The claims brought today may just be the tip of the iceberg when it comes to irresponsible mining reporting practices and a failure in the state’s monitoring program. A recent trip to Kentucky's Division of Mine Reclamation and Enforcement regional offices by Appalachian Voices’ Waterkeeper found stack after stack of discharge monitoring reports (DMRs) from more than 60 coal mines and processing facilities covered in dust on the desks of mine inspectors’ secretaries. They did not appear to have been evaluated for compliance by the regulators for more than three years. A sampling of the reports showed hundreds of repeated violations by coal mine operators in the state.

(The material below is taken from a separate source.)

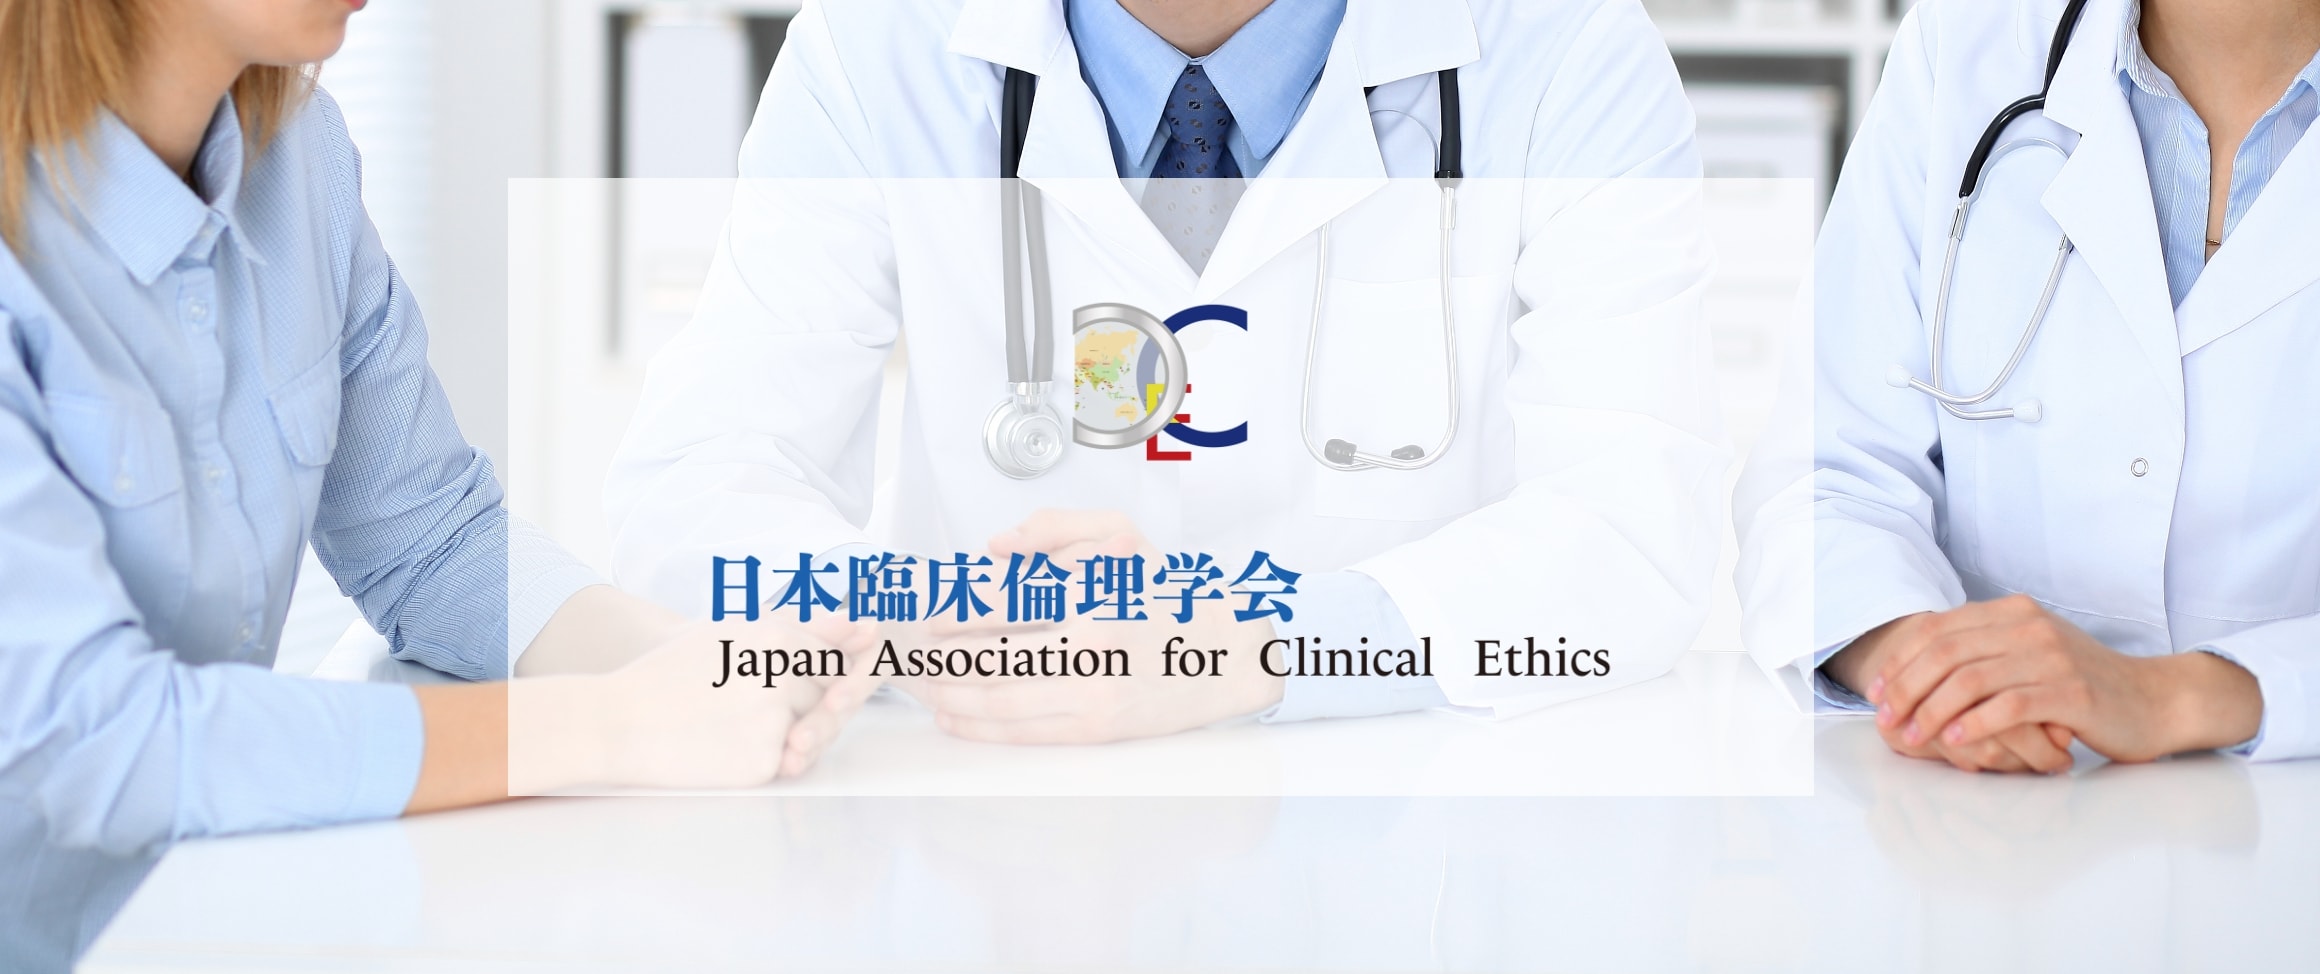 日本臨床倫理学会 japan association for clinical ethics

“Our state officials have closed their eyes to an obviously serious problem,” said Ted Withrow, the retired Big Sandy Basin Management Coordinator for the Kentucky Division of Water and a member of Kentuckians For The Commonwealth. “These are not small exceedances – some are over 40 times the daily maximum. This should have been a red flag.”

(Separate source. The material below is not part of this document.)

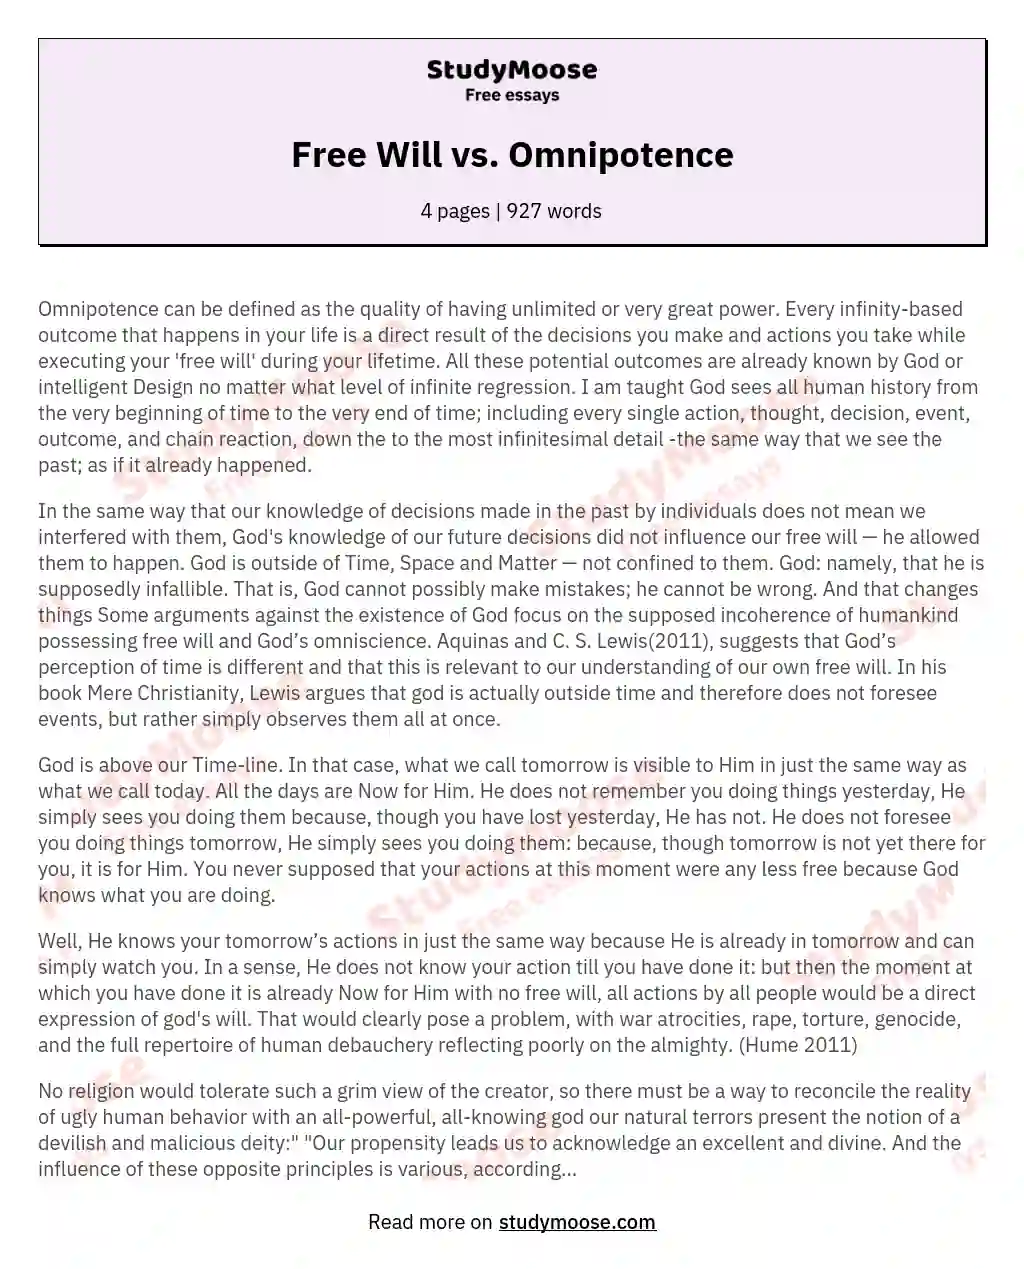 Free Will vs. Omnipotence essay

The allegations of falsification of monitoring reports is another in a long list of recent black eyes for the coal industry, which is under widespread pressure to clean up its destructive practices and take responsibility for its enormous and devastating ecological footprint.  “The coal industry has proven time and again that it can’t be trusted. It continually downplays its severe environmental impacts, places profit over worker safety and offers false economic analysis to try to keep its inherently destructive practices alive,” said Scott Edwards, Director of Advocacy for Waterkeeper Alliance.  “And now, we know they’re not honest in reporting on matters that impact the health of communities where they operate." 

“The Clean Water Act allows citizens to bring polluters into court when government chooses to look the other way,” said Withrow. “In Kentucky, our Department of Natural Resources and Division of Water are required to provide oversight of the permits they issue to the coal industry to ensure compliance. We intend to do what our government won’t; that is, enforce the law and put an end to these illegal practices.”

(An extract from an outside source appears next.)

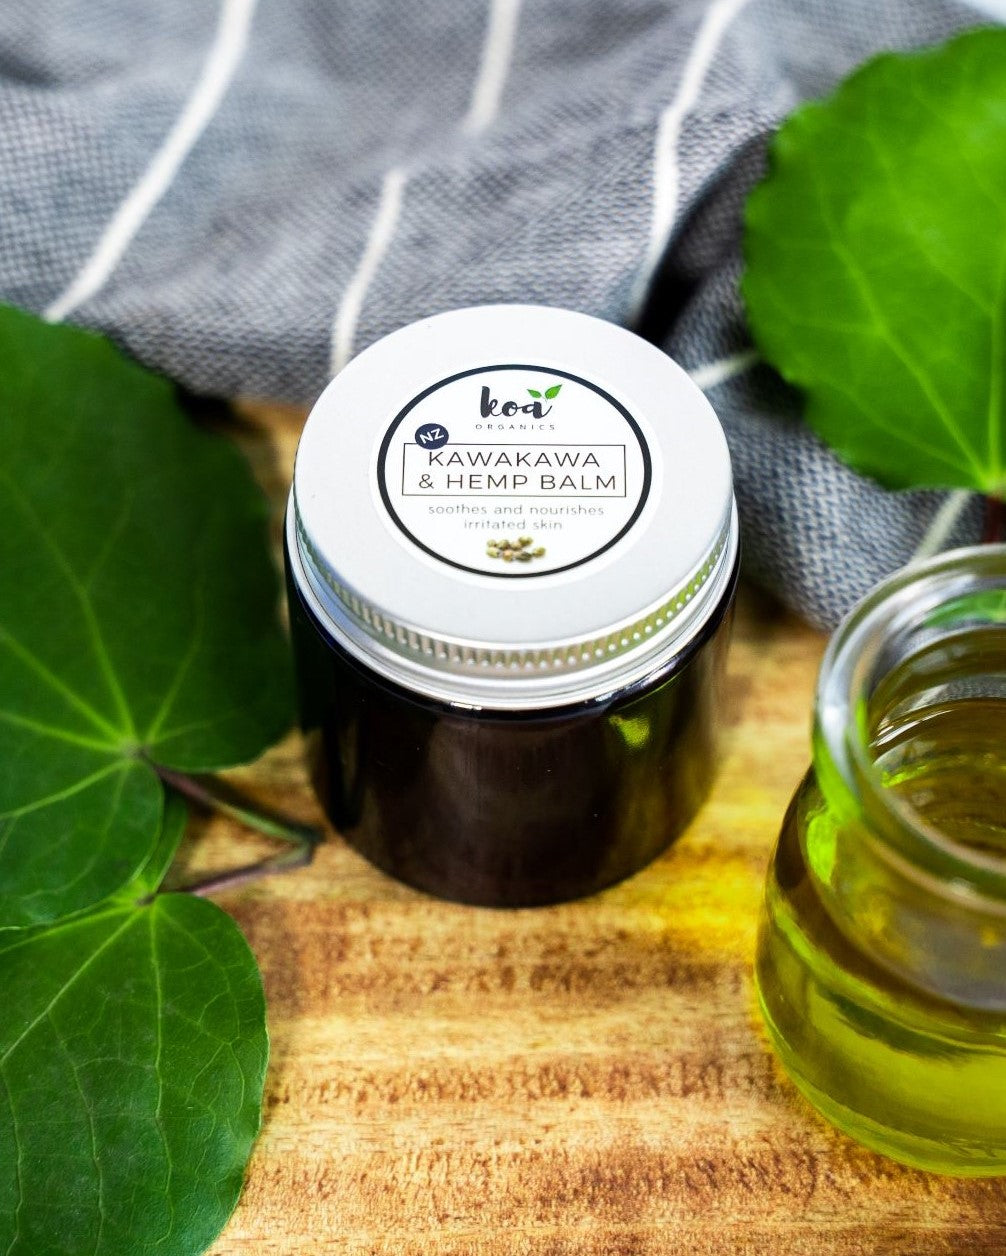 Koa Organics Kawakawa and Hemp Healing Balm

Under the Clean Water Act, the companies have sixty days to respond to the allegations made in the notice letter. If, at the end of that period, all violations have not been corrected, the groups and individuals plan on filing a complaint in federal court for the Eastern District of Kentucky. The plaintiffs are being represented by lawyers with the Appalachian Citizens' Law Center, the Capua Law Firm, the Pace Environmental Litigation Clinic and the Waterworth Law Office.